→ **TASK BRIEF**
Write out all of the entries that follow, word for word, but skip the pictures.

→ **THE DATA**

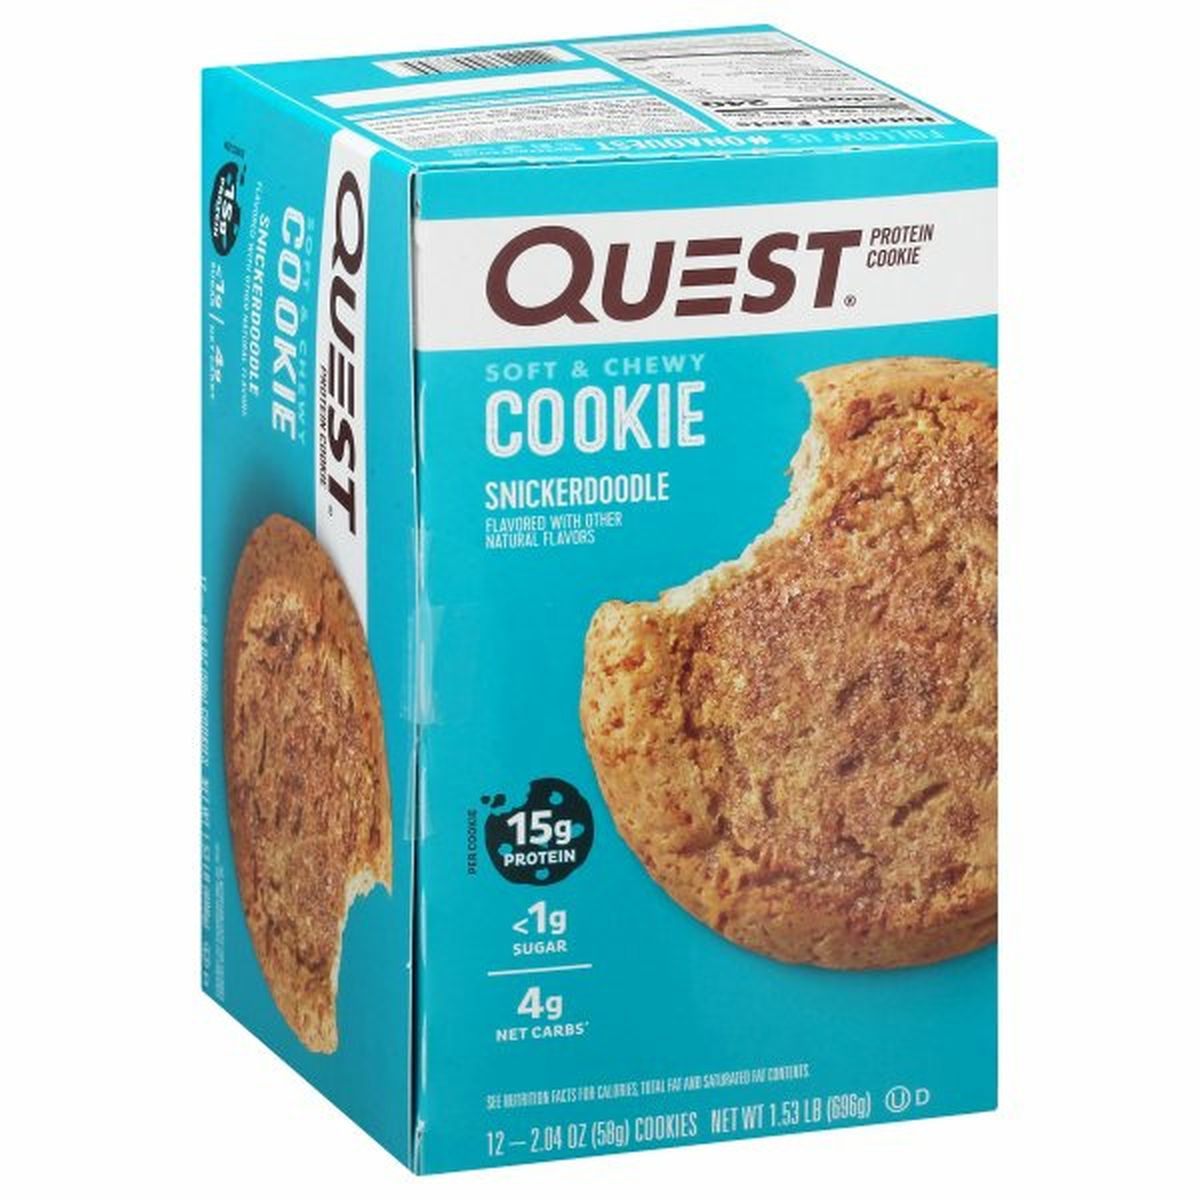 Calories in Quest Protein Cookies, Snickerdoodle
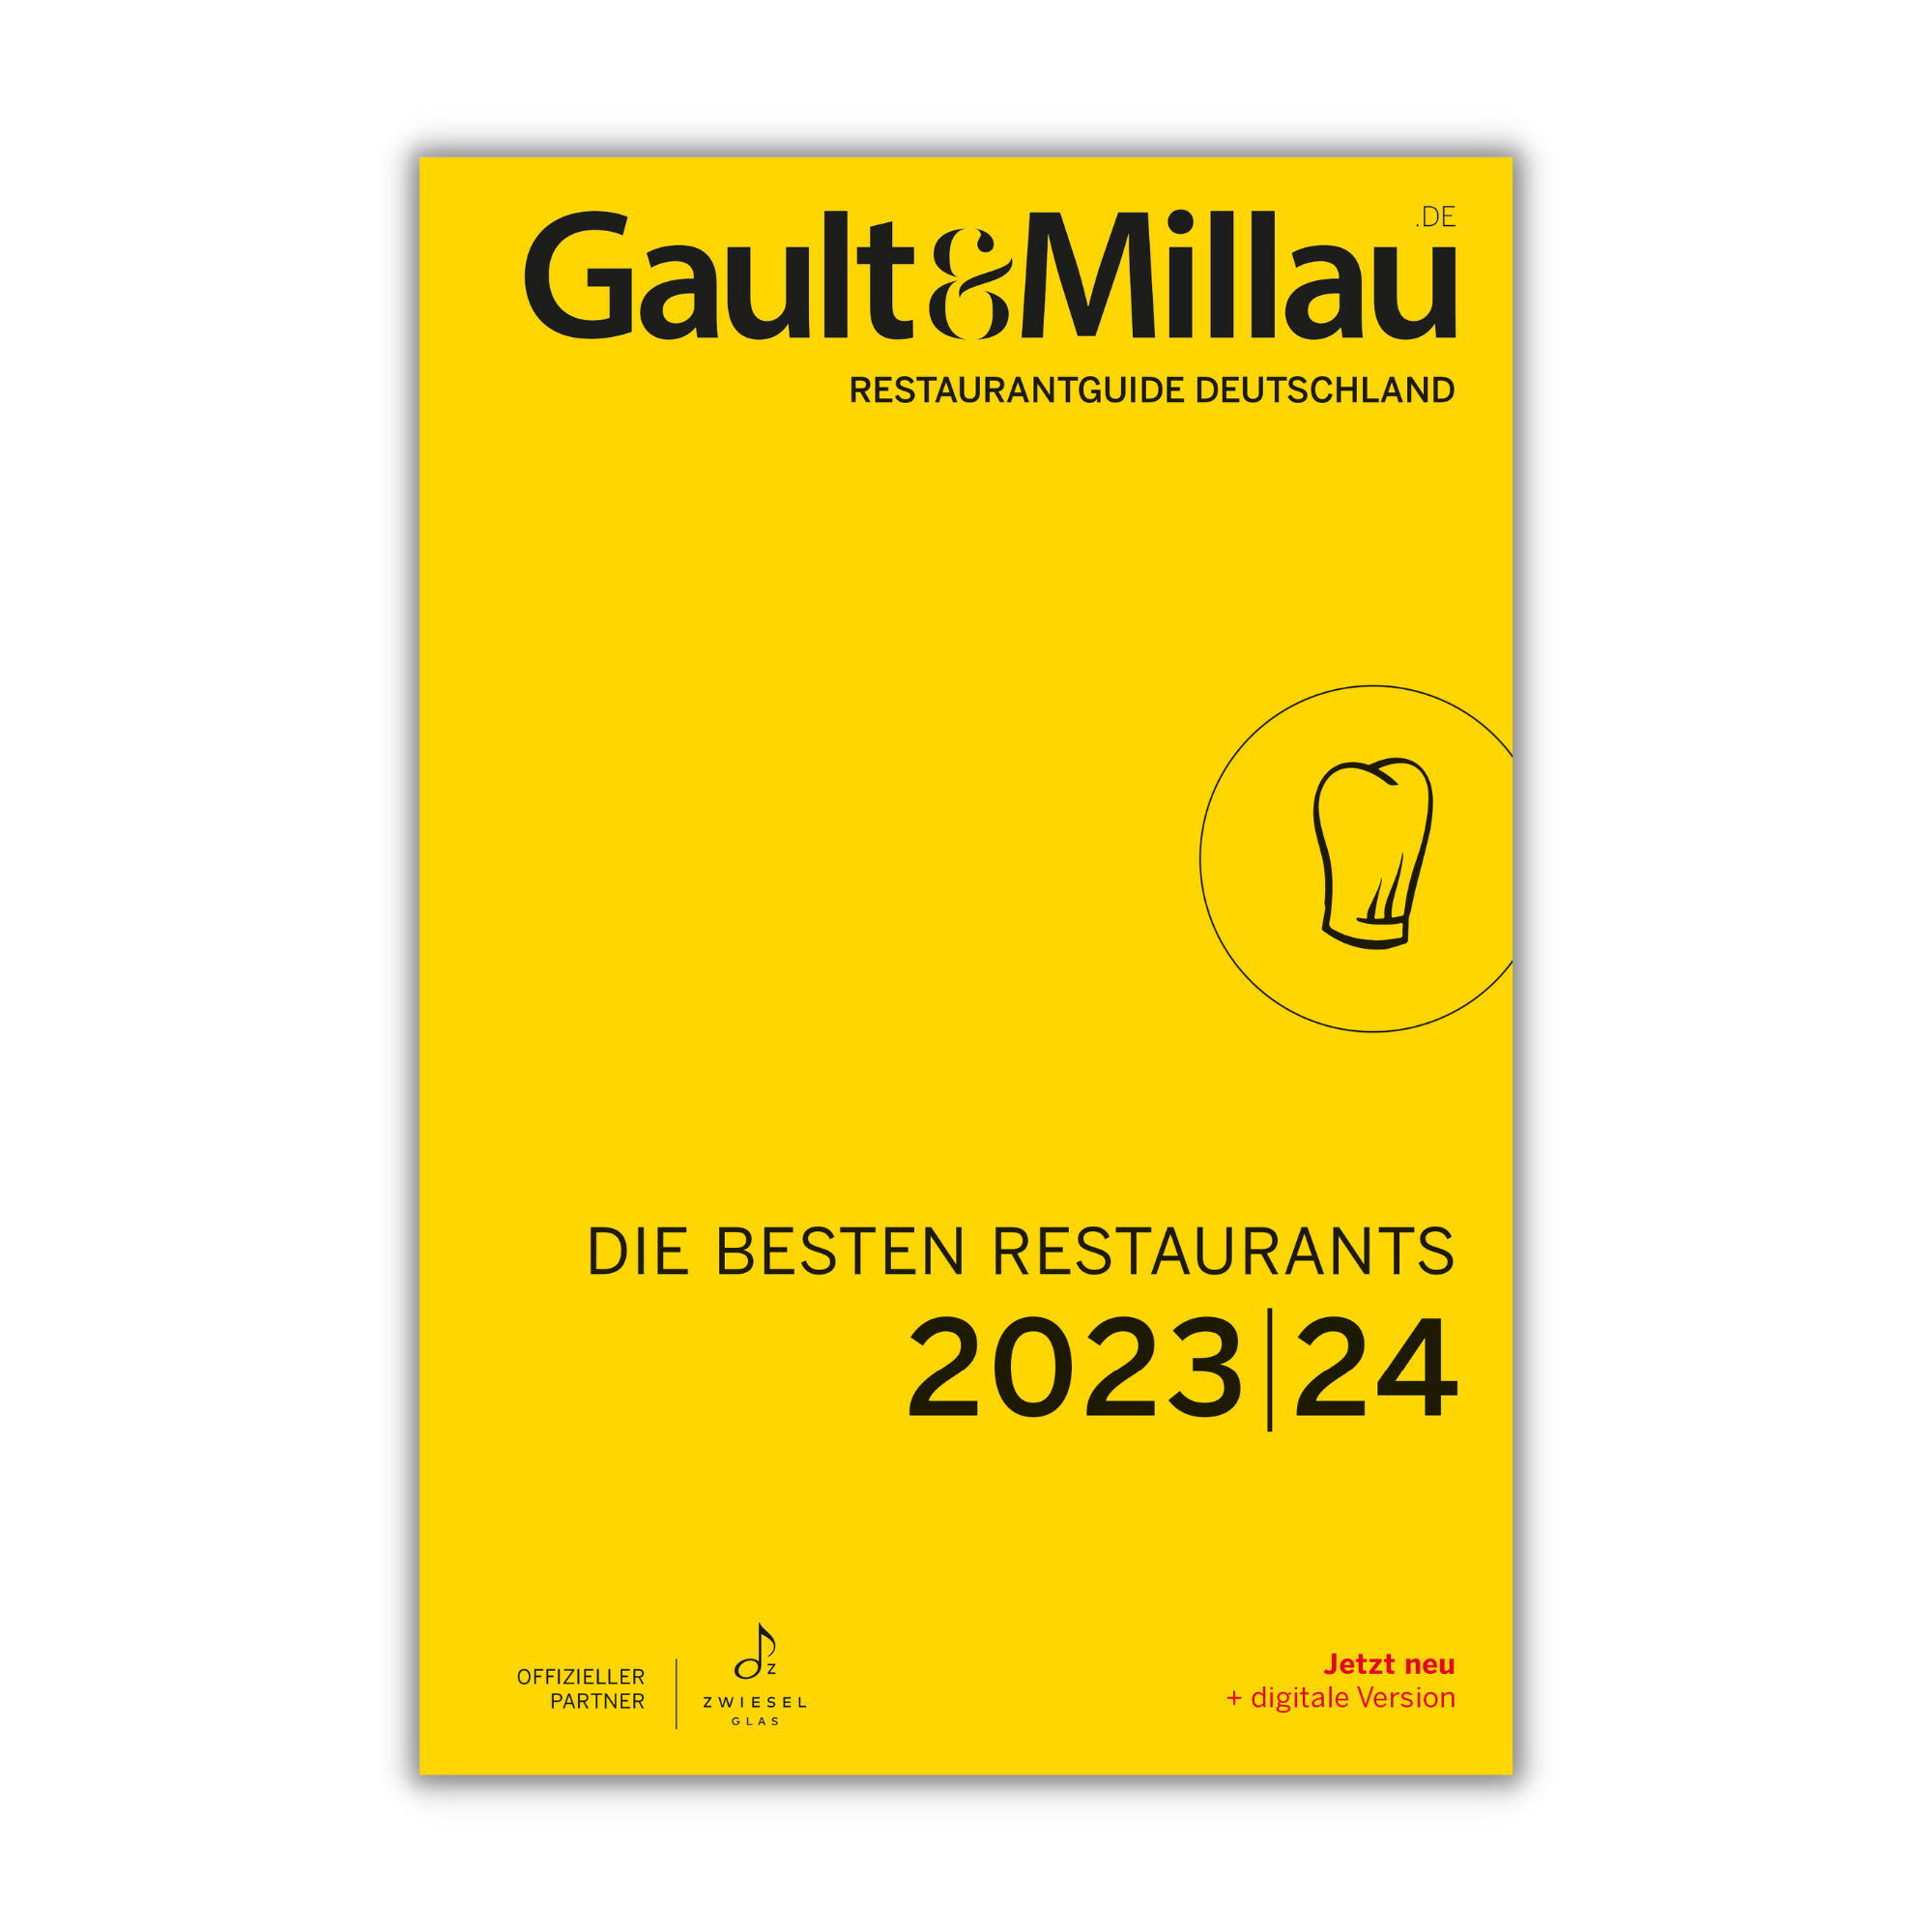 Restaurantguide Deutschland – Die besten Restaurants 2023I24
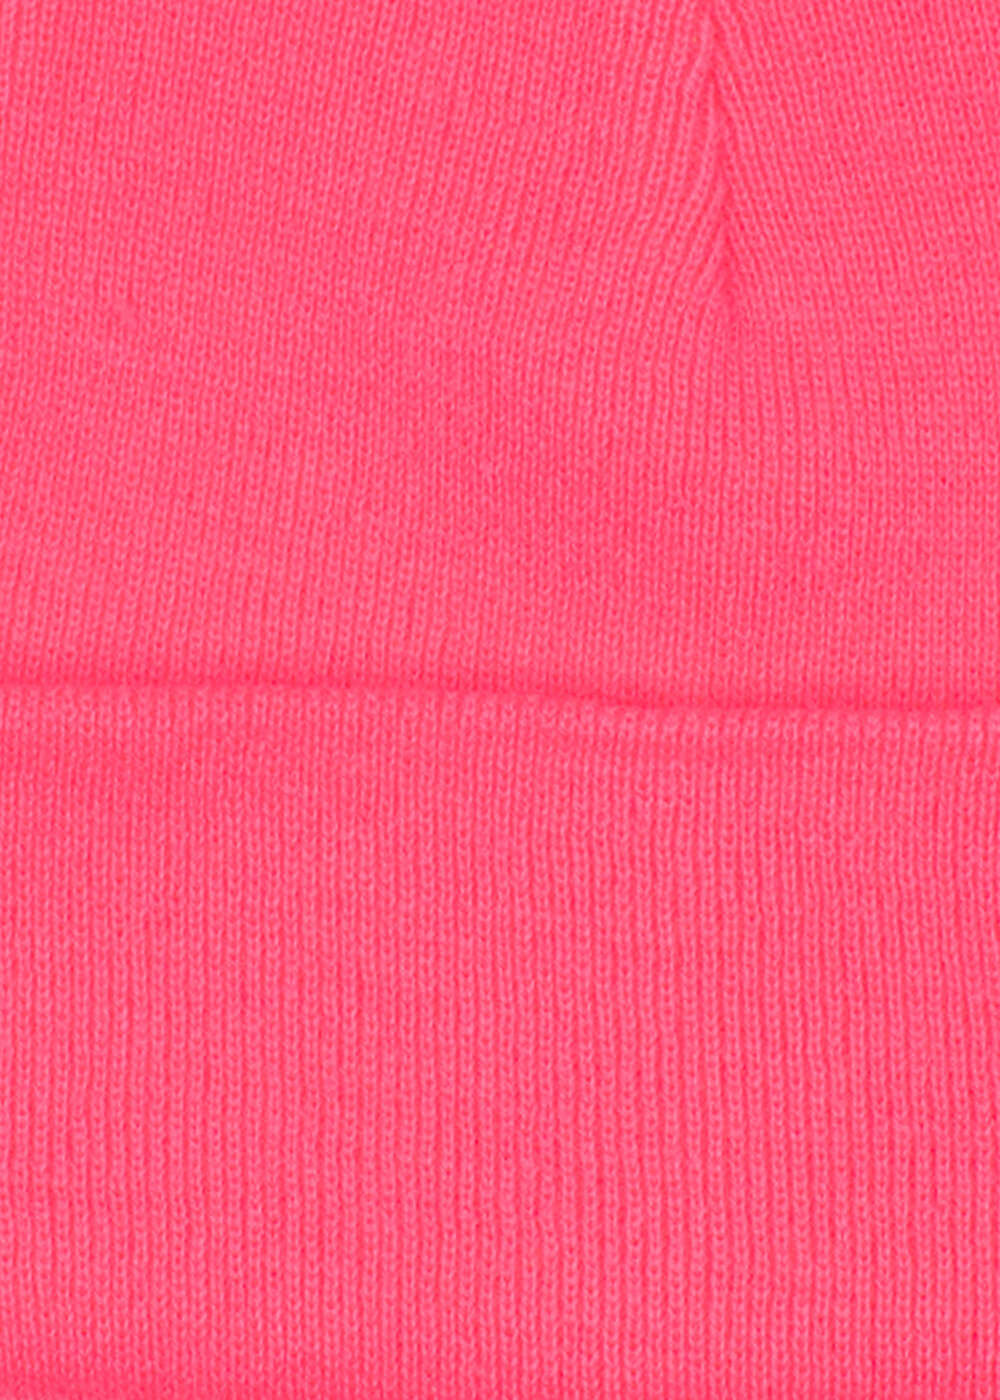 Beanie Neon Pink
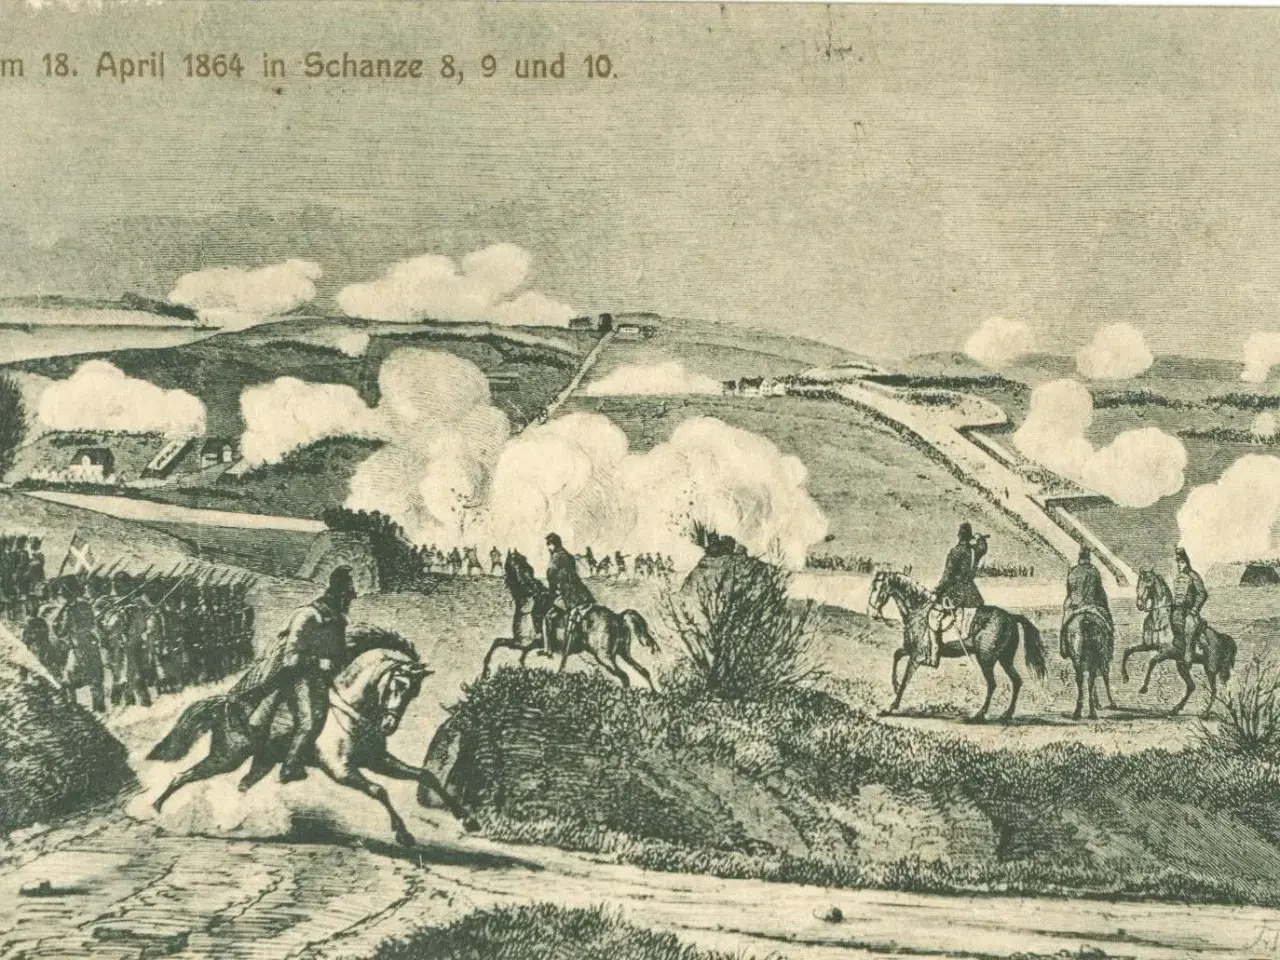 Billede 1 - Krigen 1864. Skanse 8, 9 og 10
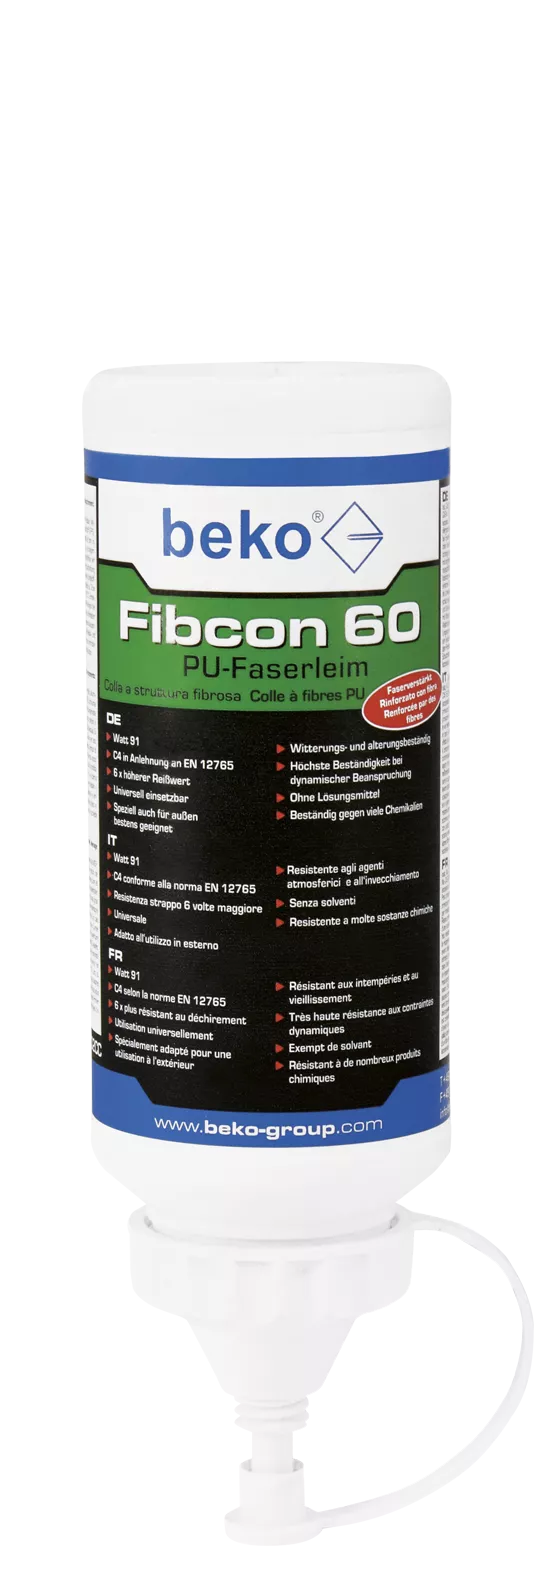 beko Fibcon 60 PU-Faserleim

→ **EXERCISE ANSWER**
 Calories in Quest Protein Cookies, Snickerdoodle
 Restaurantguide Deutschland – Die besten Restaurants 2023I24
 Beanie Neon Pink
 Billede 1 - Krigen 1864. Skanse 8, 9 og 10
 beko Fibcon 60 PU-Faserleim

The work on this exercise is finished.